Keep reading to learn how to get your free credit report online:

How to Get Your Free Annual Credit Report

Thanks to the Fair and Accurate Credit Transactions Act (FACTA), everyone is entitled to view their credit report every year from all three credit bureaus: Experian, Equifax, and TransUnion. Take advantage of this to monitor your credit history, even if you aren’t planning any big financial moves — but especially if you are. Be sure to check for inaccuracies. The Federal Trade Commission reports that as many as one in five people currently have a mistake in their credit report, so it’s important to take a look at yours. Without examining your full credit report, you may miss small entry errors that could impact you down the line.

Thankfully, there’s a very simple way to do so. In order to provide an easy method to request and obtain your annual credit report, the major credit reporting agencies created a central website. Request your annual credit report by going to:

Website: AnnualCreditReport.com

Phone: 1-877-322-8228

Mail: Send this form to:

Annual Credit Report Request Service
PO Box 105281
Atlanta, GA 30348-5281

Annualcreditreport.com is the only federally regulated website that offers access to your credit report.
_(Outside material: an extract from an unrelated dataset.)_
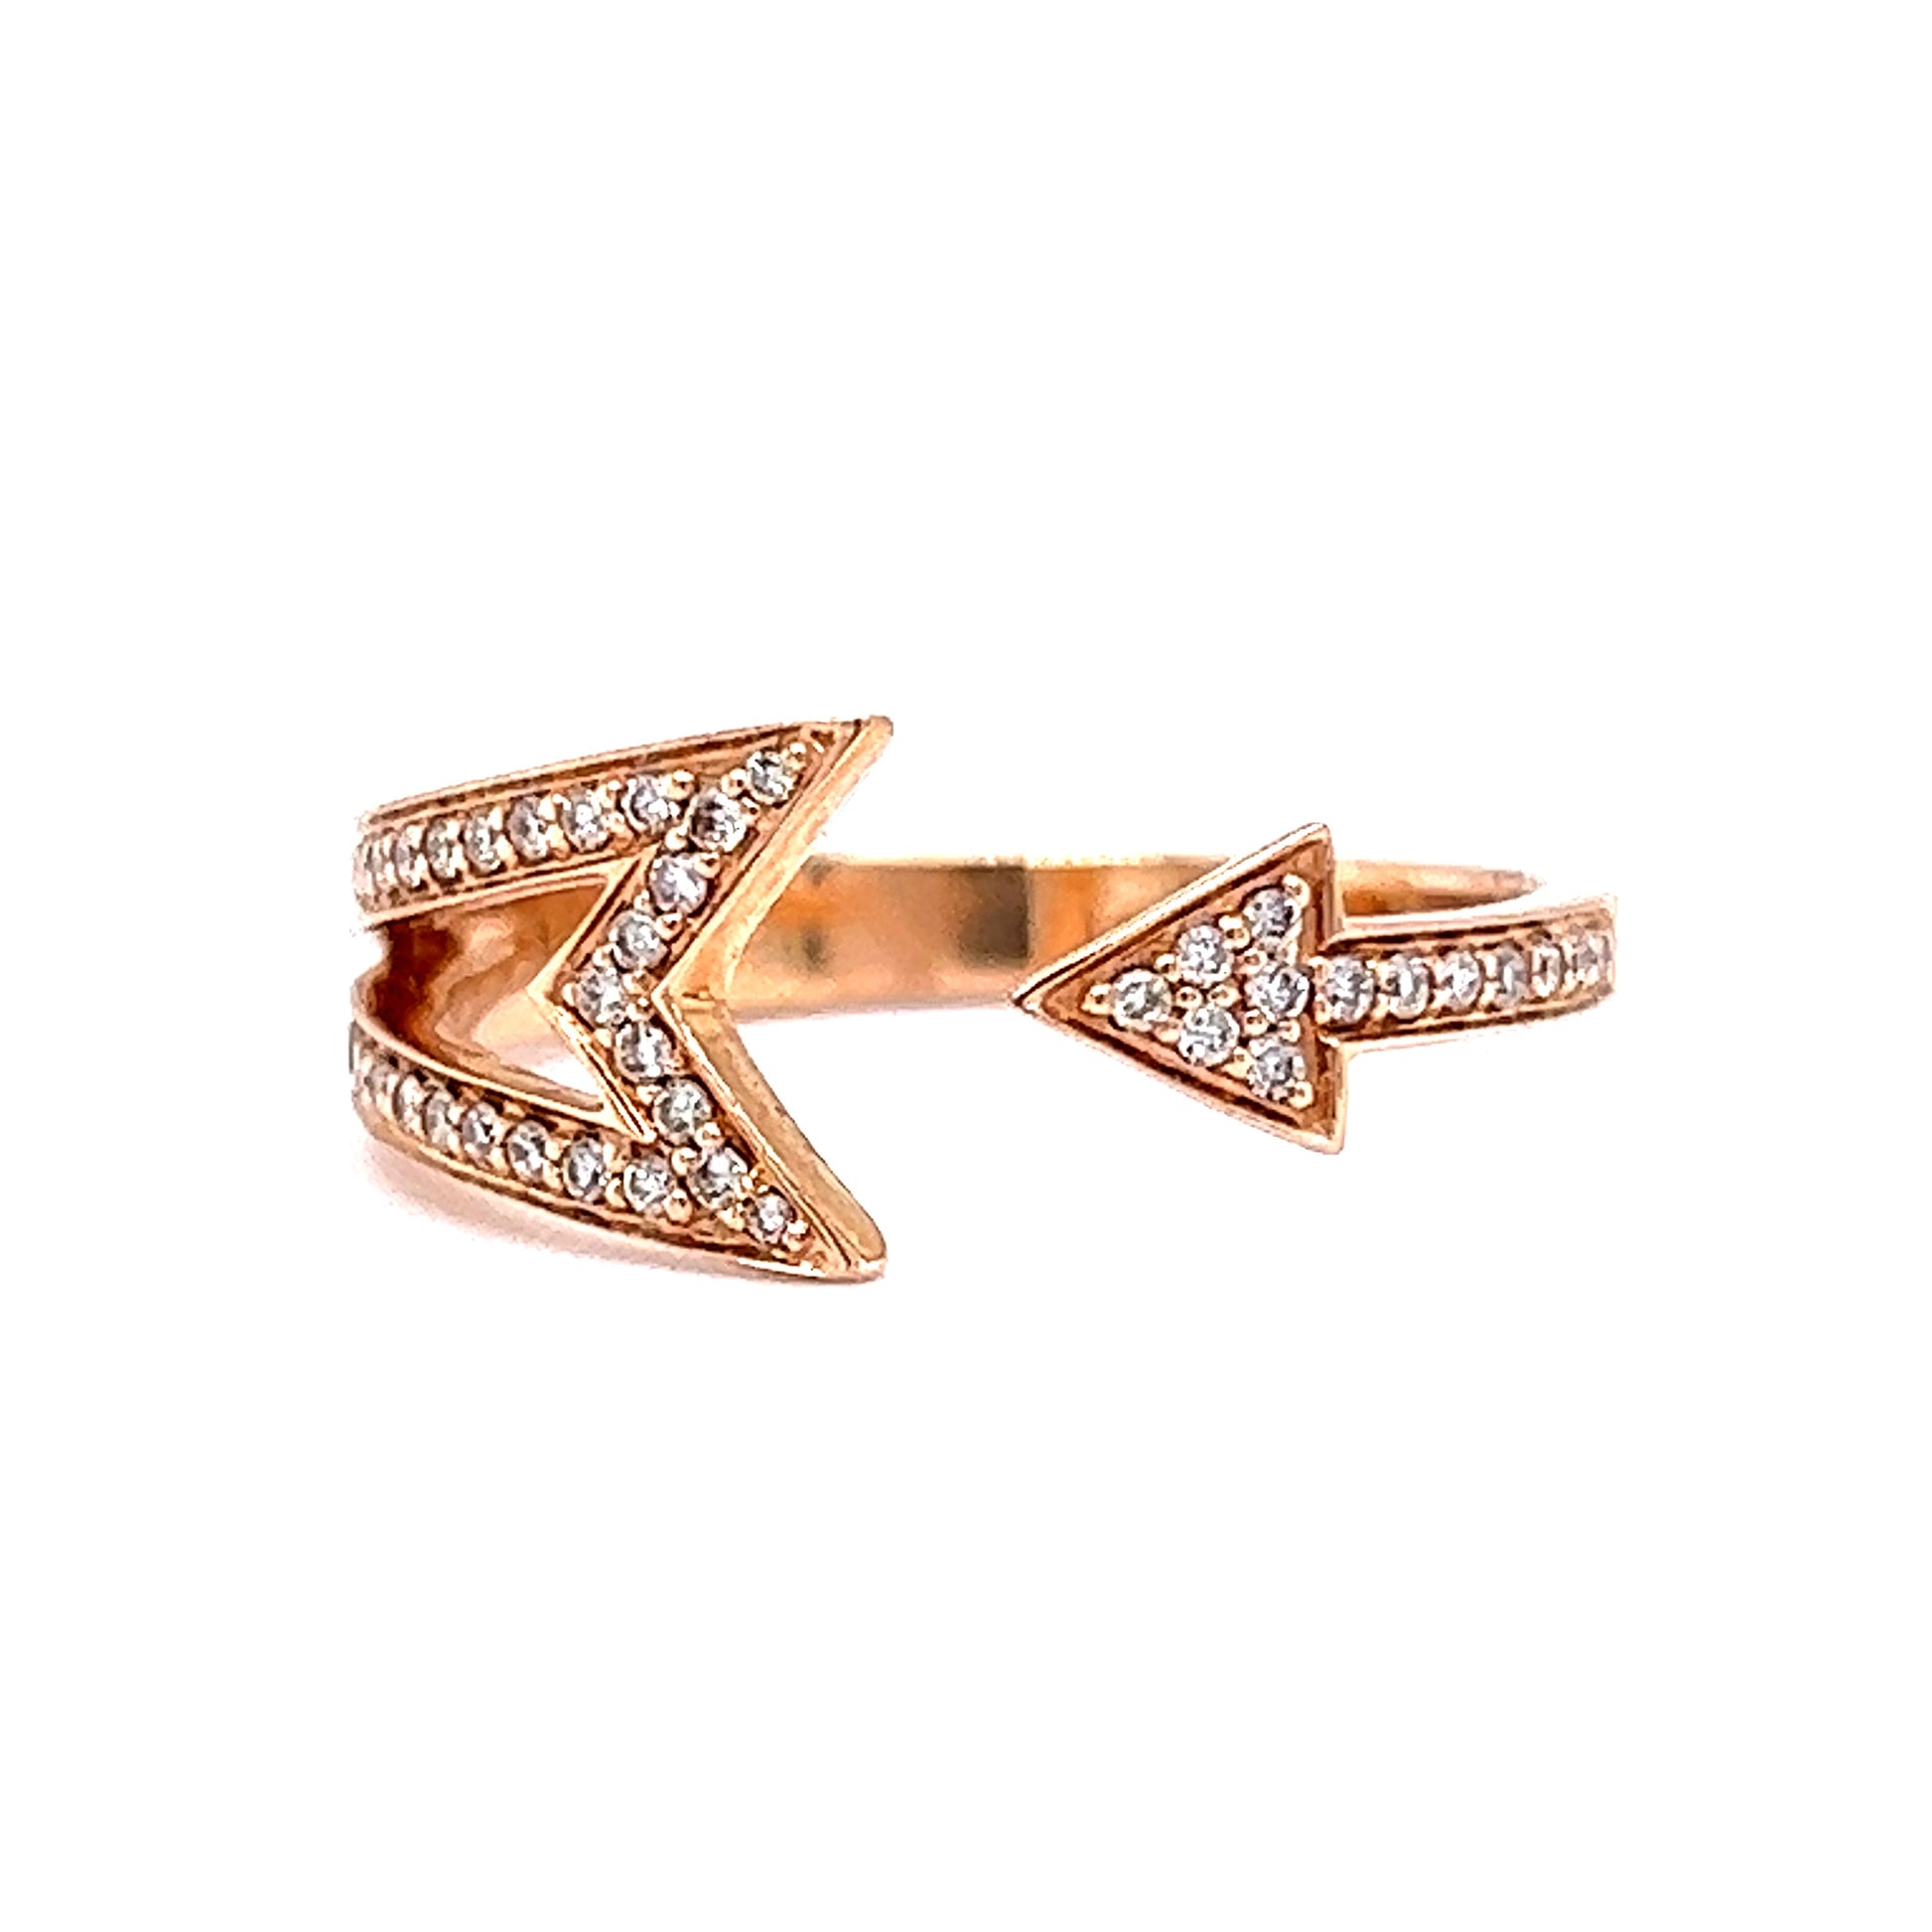 Pave Diamond Arrow Ring in 14k Rose GoldComposition: 14 Karat Rose Gold Ring Size: 7 Total Diamond Weight: .23ct Total Gram Weight: 2.6 g Inscription: 14k
      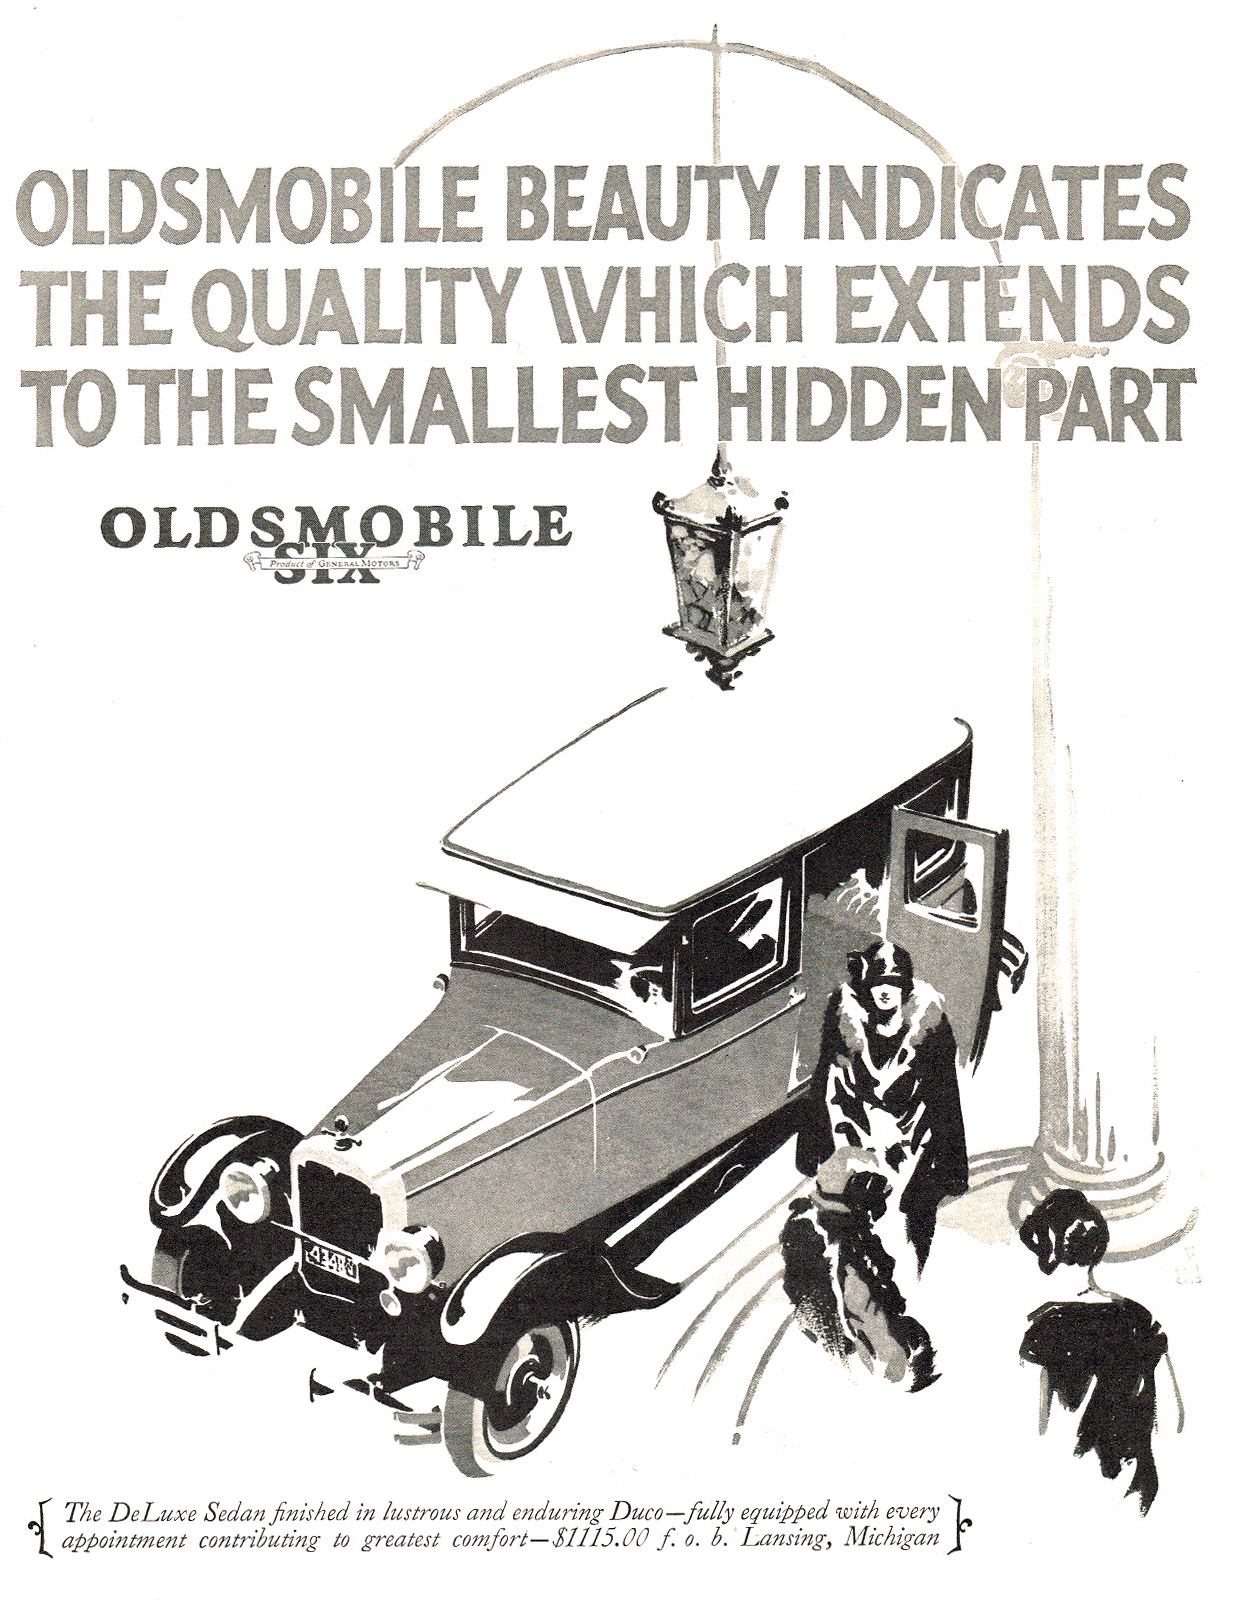 Oldsmobile Six DeLuxe Sedan Ad (February-March, 1926): Oldsmobile beauty indicates the quality which extends to the smallest hidden part - Illustrated by Fred Cole

While there are others out there, the Federal Trade Commission advises caution with all other websites as they cannot guarantee the safety of your identifying information.

If you choose to individually request your credit report from only one of the bureaus, you may do so at annualcreditreport.com as well. Some experts may recommend this technique if you wish to monitor your credit across a year. This way you can access an updated report once every four months. However, there may be natural variation between each bureau, as not all information is reported to all three bureaus. Keep in mind this strategy tends to work best if you don’t expect to make any big purchases soon.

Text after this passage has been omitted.